Esta ambivalencia está presente en rappitenderos y “comerciantes independientes” de Vive 100, el producto de la multilatina Quala*. Tanto Rappi, a través de la regulación de las plataformas, como Quala, por medio de reglas más estrictas sobre la tercerización, podrían ver sus modelos de negocio afectados por la reforma de Gustavo Petro.

El “sindicato” de Rappi de la esquina

Cuatro venezolanos y dos colombianos, cinco hombres y una mujer están sentados en las afueras de una cadena de hamburguesas, en el mismo parque de Laureles. Ese es su centro de operaciones porque es un sector llano, con alta demanda y el gerente del restaurante les presta el baño.

“Trabajar en esto es pelear todos los días con la aplicación”, dice la mujer y comienza un derrotero de quejas que se va haciendo más largo en la medida en que van llegando otros domiciliarios. La inconformidad más repetida es la tarifa de los pedidos, que tienen un precio base de 2.800 pesos cada uno.

Otro de sus dolores de cabeza es el botón de “autoaceptar” que implica admitir cualquier pedido automáticamente, sin importar la tarifa y el recorrido. El botón se puede desactivar pero quien lo haga debe esperar horas para recibir una orden, un lujo que pocos se pueden dar.

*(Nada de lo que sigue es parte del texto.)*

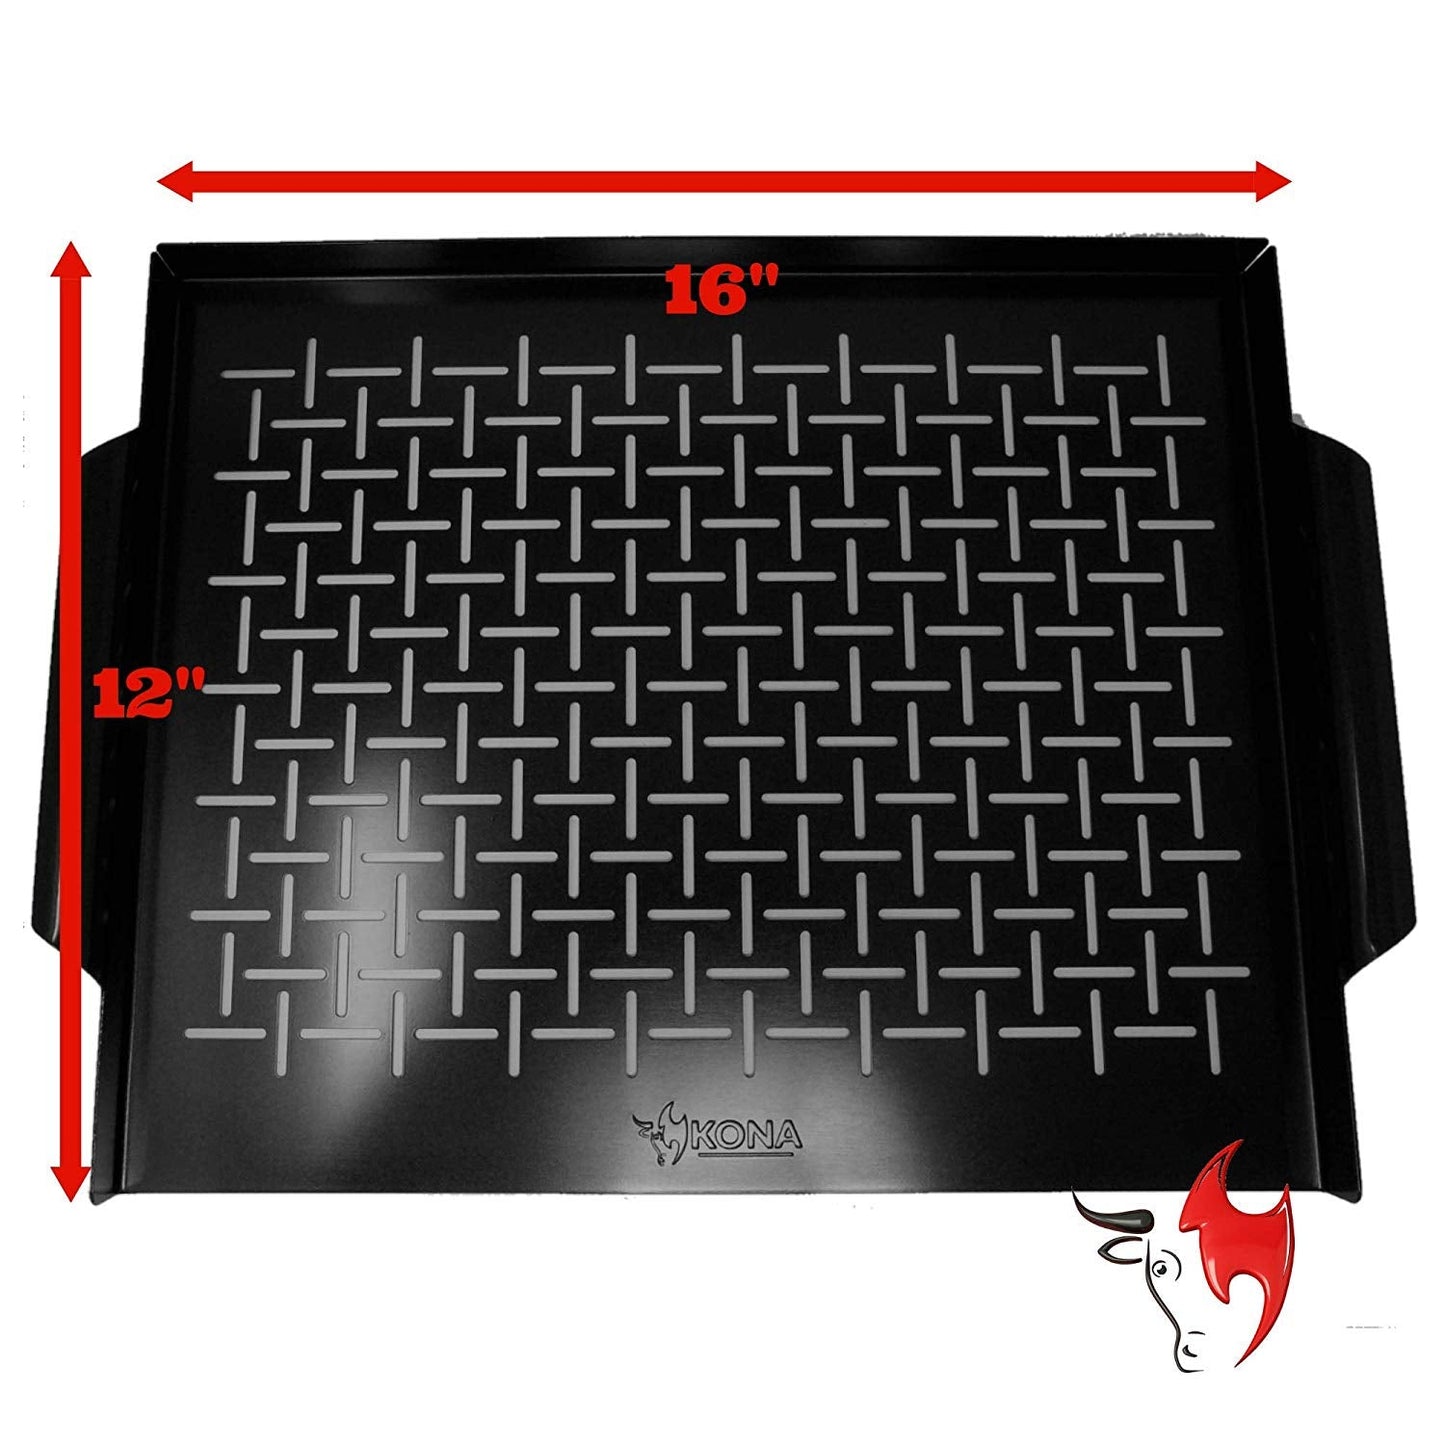 Kona Best Grill Tray with Custom Fit Best Grill Mat- The Ultimate Non-Stick Grilling Tray Combo! - The Tool Store

Sus ingresos también pueden ser suspendidos abruptamente por un bloqueo: una tardanza, una llanta pinchada o una orden rechazada se paga con horas o hasta días sin poder trabajar.

De esta manera se pone entredicho la independencia, una de las banderas de Rappi para defender su modelo de negocio, pues cuando los rappitenderos comienzan a trabajar su jornada está supeditada al algoritmo. Deben reservar las horas que van a trabajar, aceptar cualquier orden para no verse afectados y están expuestos a sanciones ante cualquier incumplimiento. Por eso, uno de los domiciliarios es categórico: “Esto es como un régimen”.

Adicionalmente, la cantidad de órdenes que reciben los domiciliarios también depende de su categoría: bronce, plata o diamante, dependiendo de su experiencia y sus calificaciones. De acuerdo con los testimonios que conoció La Silla, las entradas mensuales van desde los 1,5 a los cuatro millones. La aplicación también ofrece bonificaciones para cumplir con “rachas” de pedidos en un tiempo determinado, por eso en las calles los “rappis” siempre van de afán.

Entre risas y lamentos cuentan la historia de doña Maria T, la señora que los invita a comer cada que pide una orden, y la del asiático que siempre recibe sus domicilios completamente desnudo. También les han llegado rappifavores que tienen como destino el Barrio Antioquia, en busca de paquetes alucinógenos.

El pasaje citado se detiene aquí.